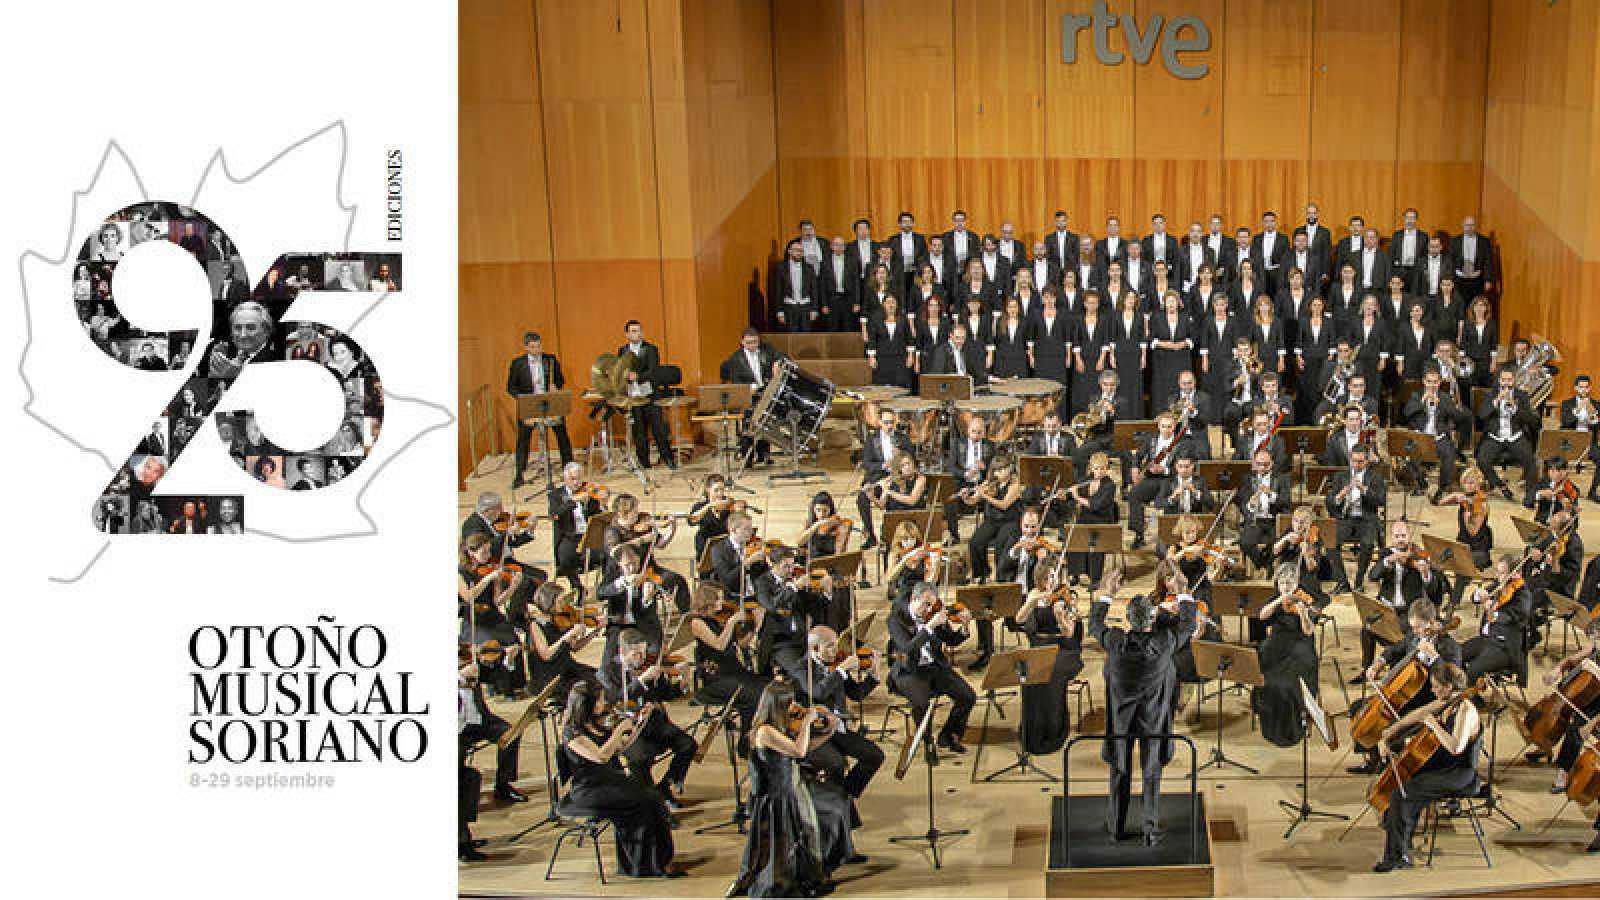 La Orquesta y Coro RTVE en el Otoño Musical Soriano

◇ ◇ ◇ ◇ ◇

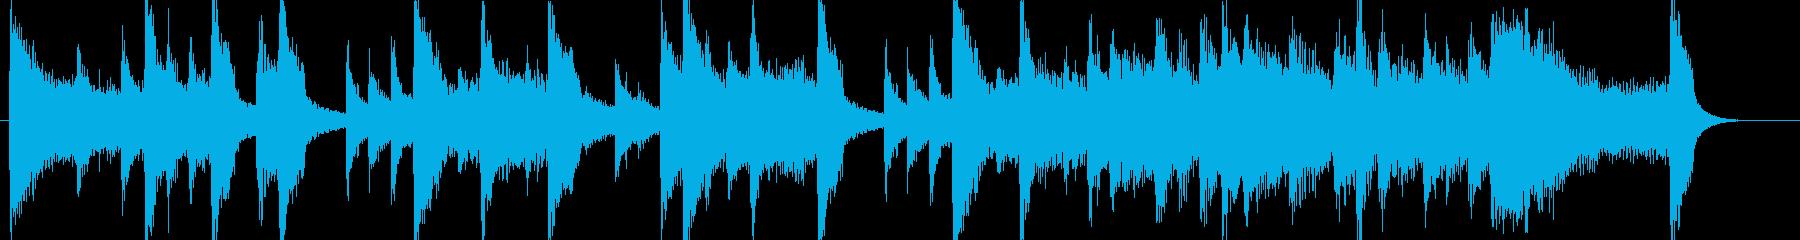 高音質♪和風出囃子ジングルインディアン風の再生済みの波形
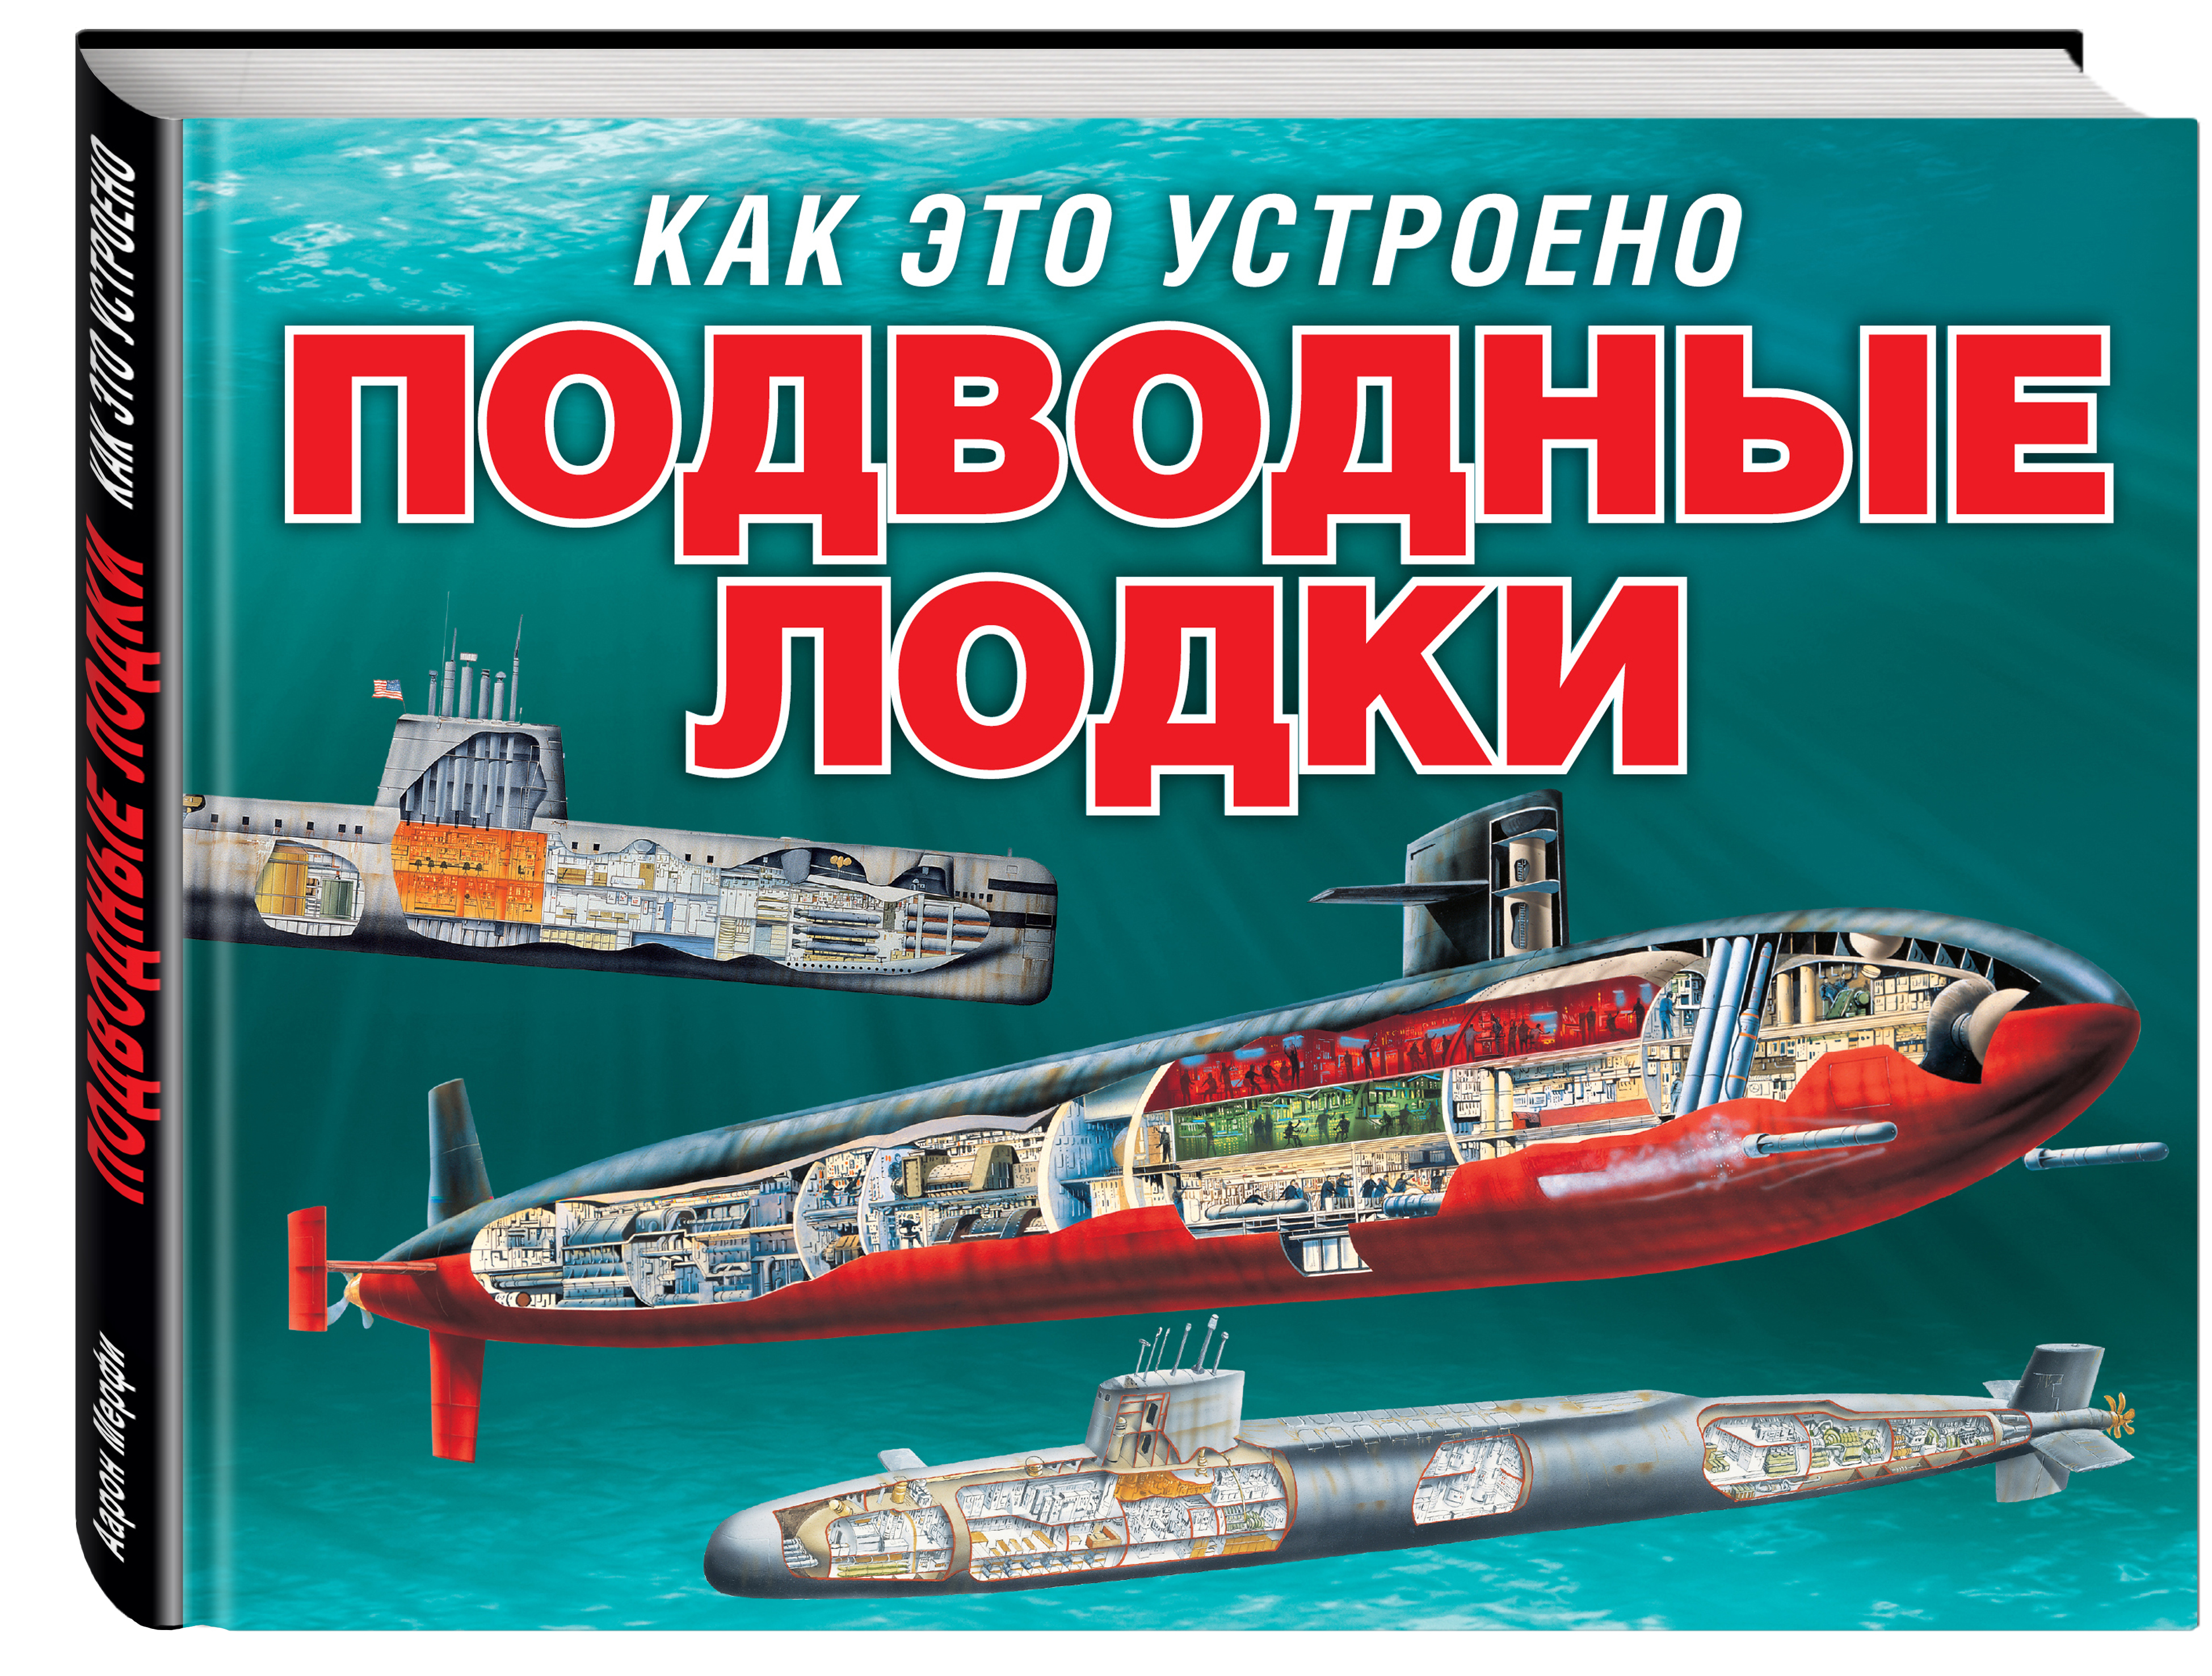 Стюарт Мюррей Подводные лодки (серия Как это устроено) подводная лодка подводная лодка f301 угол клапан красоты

◇ ◇ ◇ ◇ ◇

When you reach the line holding "高音質♪和風出囃子ジングルインディアン風の再生済みの波形" in the listing above, begin retyping exactly, and stop once the line holding "Стюарт Мюррей Подводные" is done; pictures stay out.

 高音質♪和風出囃子ジングルインディアン風の再生済みの波形
 Стюарт Мюррей Подводные лодки (серия Как это устроено) подводная лодка подводная лодка f301 угол клапан красоты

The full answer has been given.